The early buzz on The Box was that this would be Kelly's grab at mainstream success, with a simple and accessible premise and an easily identifiable genre. But although the film's first half is exactly that -- a thriller -- its second half starts to veer away from anything resembling ``simple.'' So many conceits and complex ideas spring from that innocuous-looking box, and woe to anyone who dares run out for popcorn when the plot kicks into overdrive.
A common critical complaint about Kelly's films is that they simply try to pack in too much, overwhelming the viewer instead of engaging him. Kelly understands that criticism, particularly after the resounding failure of the endlessly imaginative but confusing Southland Tales.
``Southland Tales is an epic tapestry of a film that is about the greatest mystery of all time: How will the world end?'' Kelly says in its defense. ``It was intended to be an overwhelming mass of ideas that requires multiple viewings to decode. But there is definitely a structure to the puzzle there.

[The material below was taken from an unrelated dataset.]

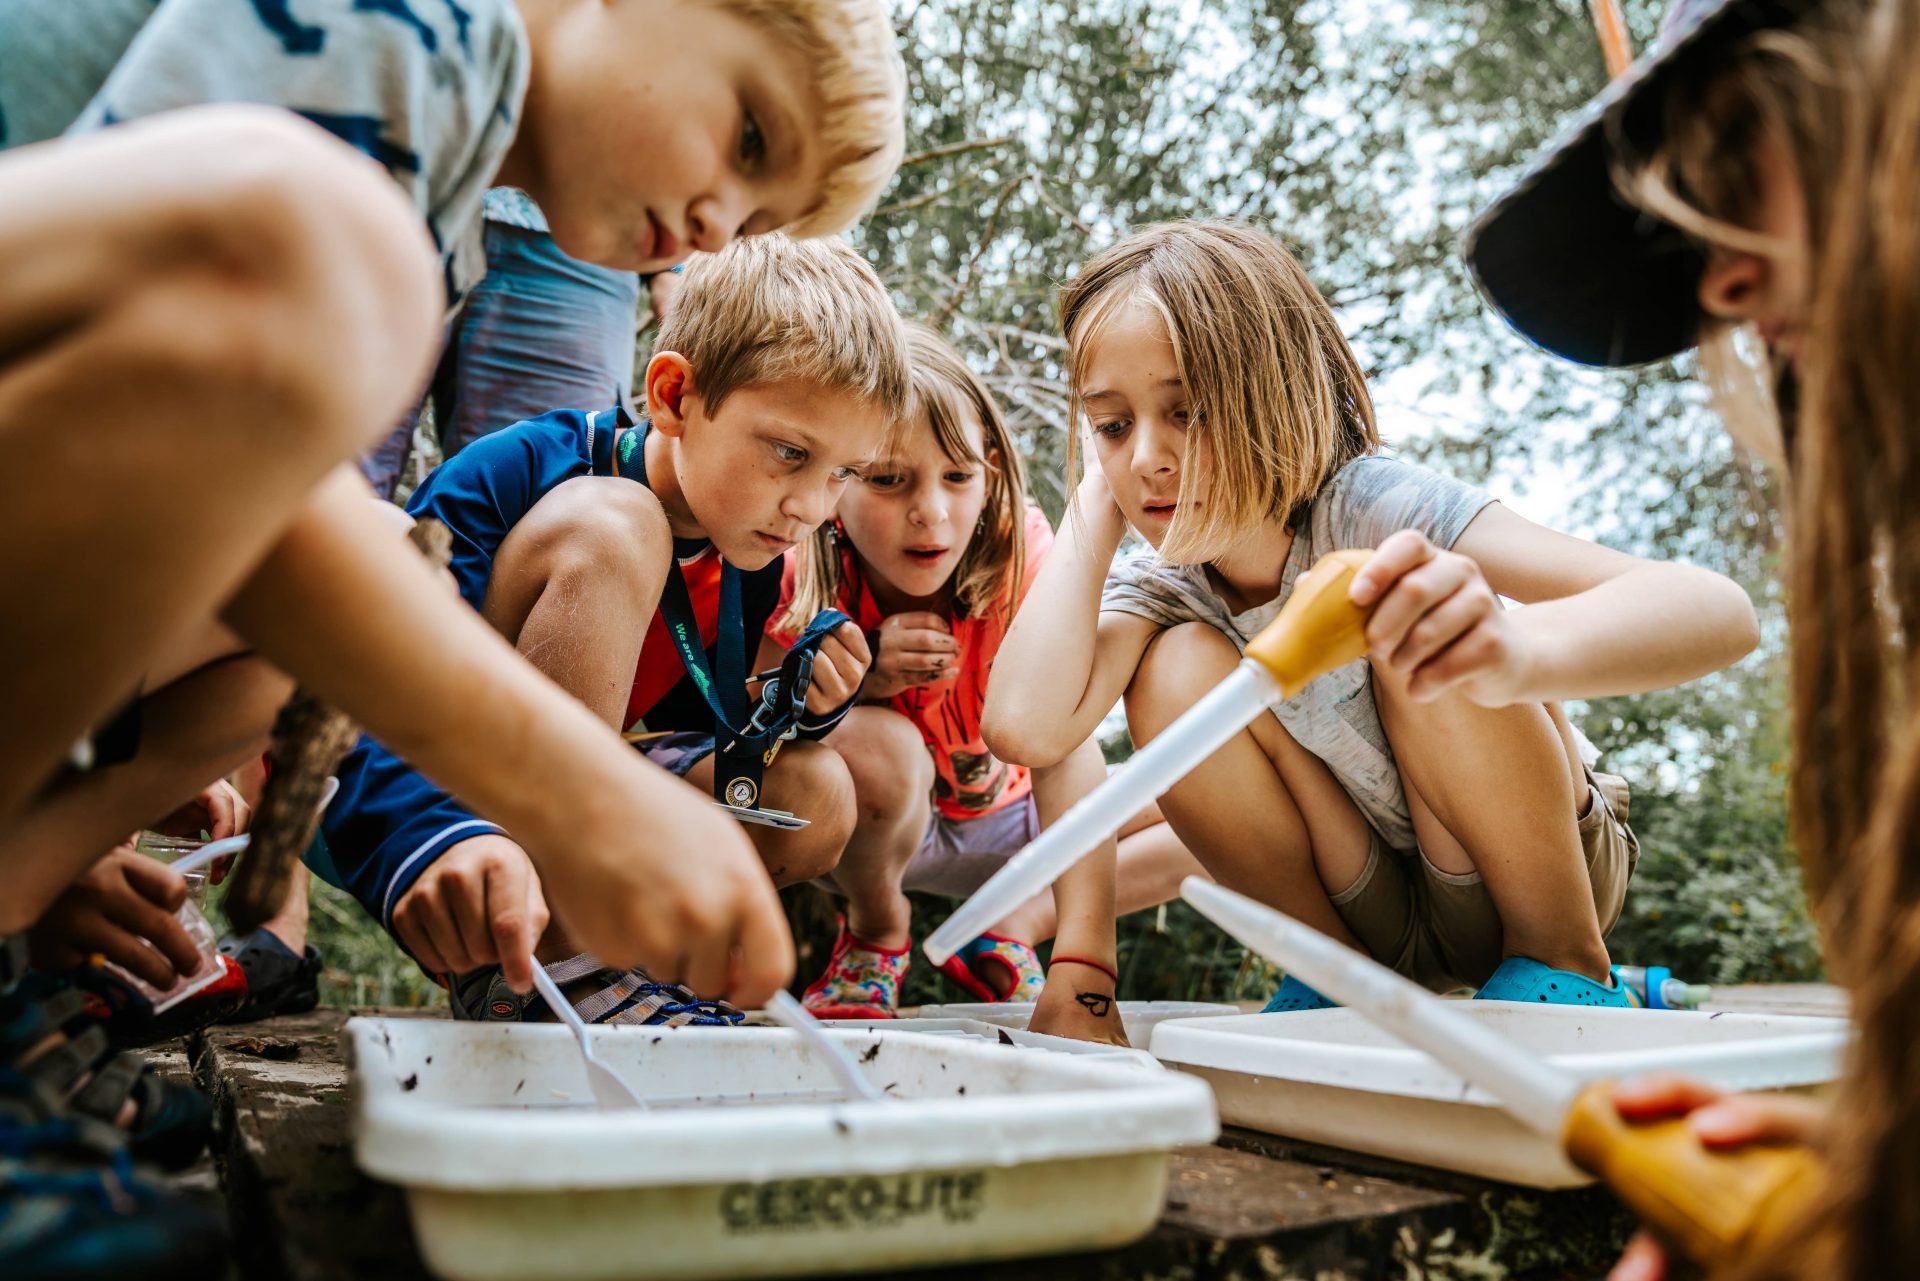 In What Ways Might Science Be Taught In The Outdoors?

``I understand people's complaints about it being too much, though. That's the nature of my personality and the kinds of stories I like to tell. I want the audience to participate with the film and think while they're watching it, and that can alienate some members of the audience. With The Box, I'm making a mainstream film within the studio system, so I am trying to achieve as much clarity as possible.''
The Box is intentionally set in 1976 Virginia, where Kelly grew up, because there was no way to transplant this particular tale to the present day and preserve the mystery and anonymity of the curious Mr. Steward who brings the box only to the homes of married couples under 40 with a single child.
``The whole concept of not being able to find out stuff about someone you don't know doesn't really exist anymore. You can Google anyone today. There are surveillance cameras in every corner of the landscape. In the 1970s, we didn't have access to all that technology. Everyone had a land-line phone and that was it.''
The 1976 setting also allowed Kelly to weave NASA's Viking Mars probe into the story: Like Marsden's character, his father helped design the camera lenses used in that mission. But those brief shots in The Box of President Ford jabbering on TV about the ``existence of life somewhere in the universe'' are not just period details. In a Richard Kelly movie, everything has meaning. Nothing is an accident.

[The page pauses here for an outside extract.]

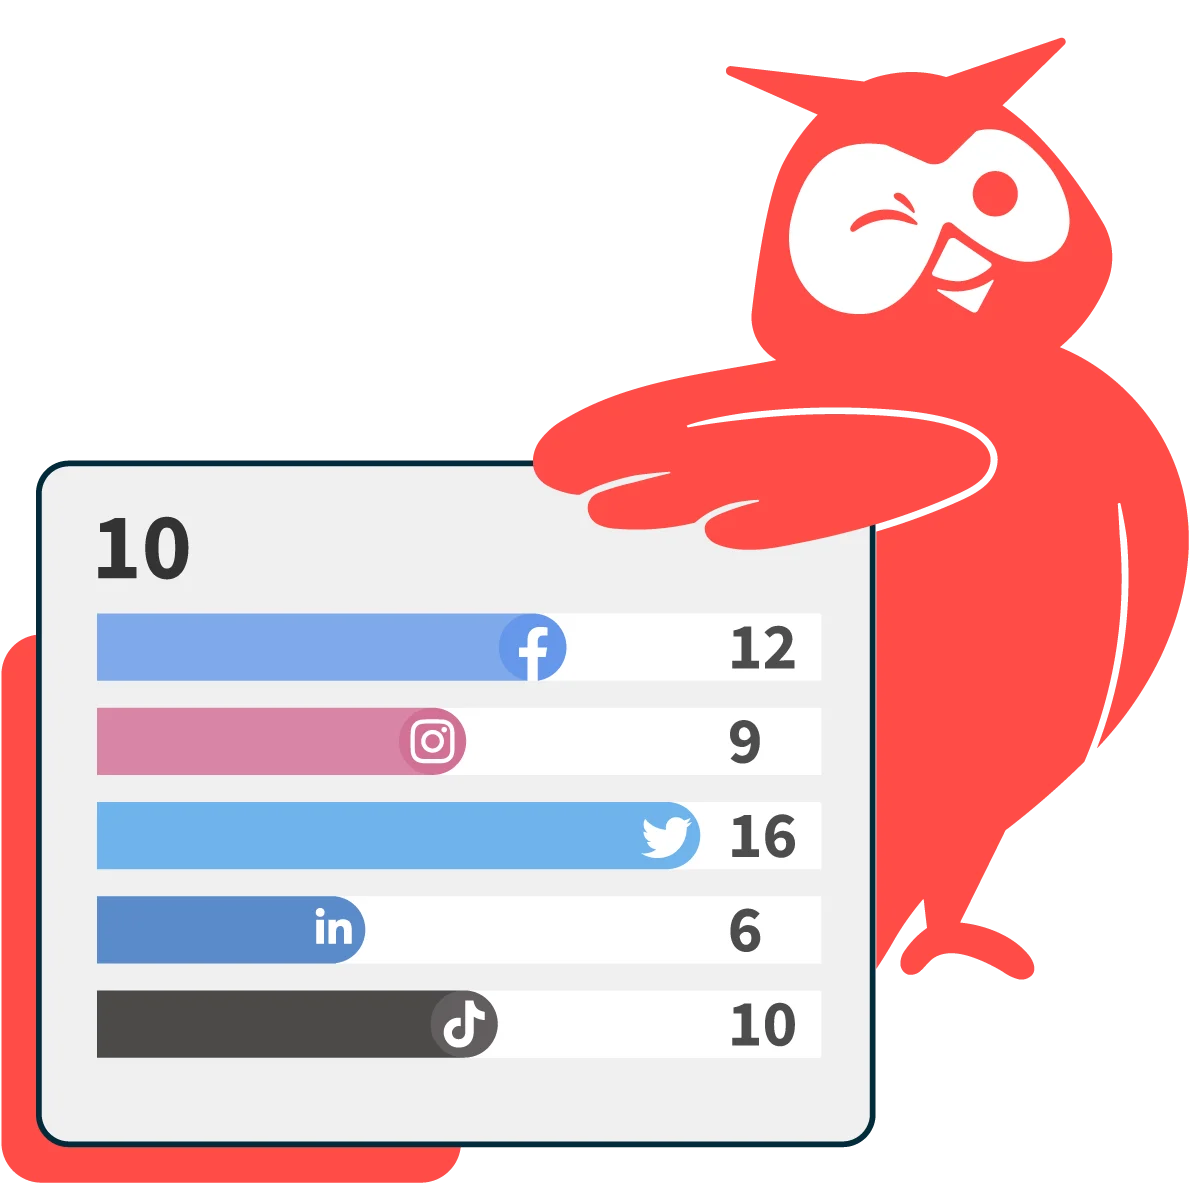 Owly standing next to social network analytics

``There were a couple of lines in the short story that really got my imagination going,'' Kelly says. ``One of them was when they ask Mr. Steward who he works for, and he said `The organization is large and international in scope.' Right away I wanted to know `Who does he work for? Why are they contacting these married couples? Where does the money come from?'
``Writing the movie was really a process of thinking logically about why would someone pull this off. And setting the story in Virginia helped to keep it close to all these government entities -- the FBI, the CIA, NASA, the NSA. This button unit started feeling like something that might exist as part of a governmental behavioral experiment. It all started to make sense for me.''
Tomorrow, when The Box opens in theaters, Kelly will find out if audiences agree.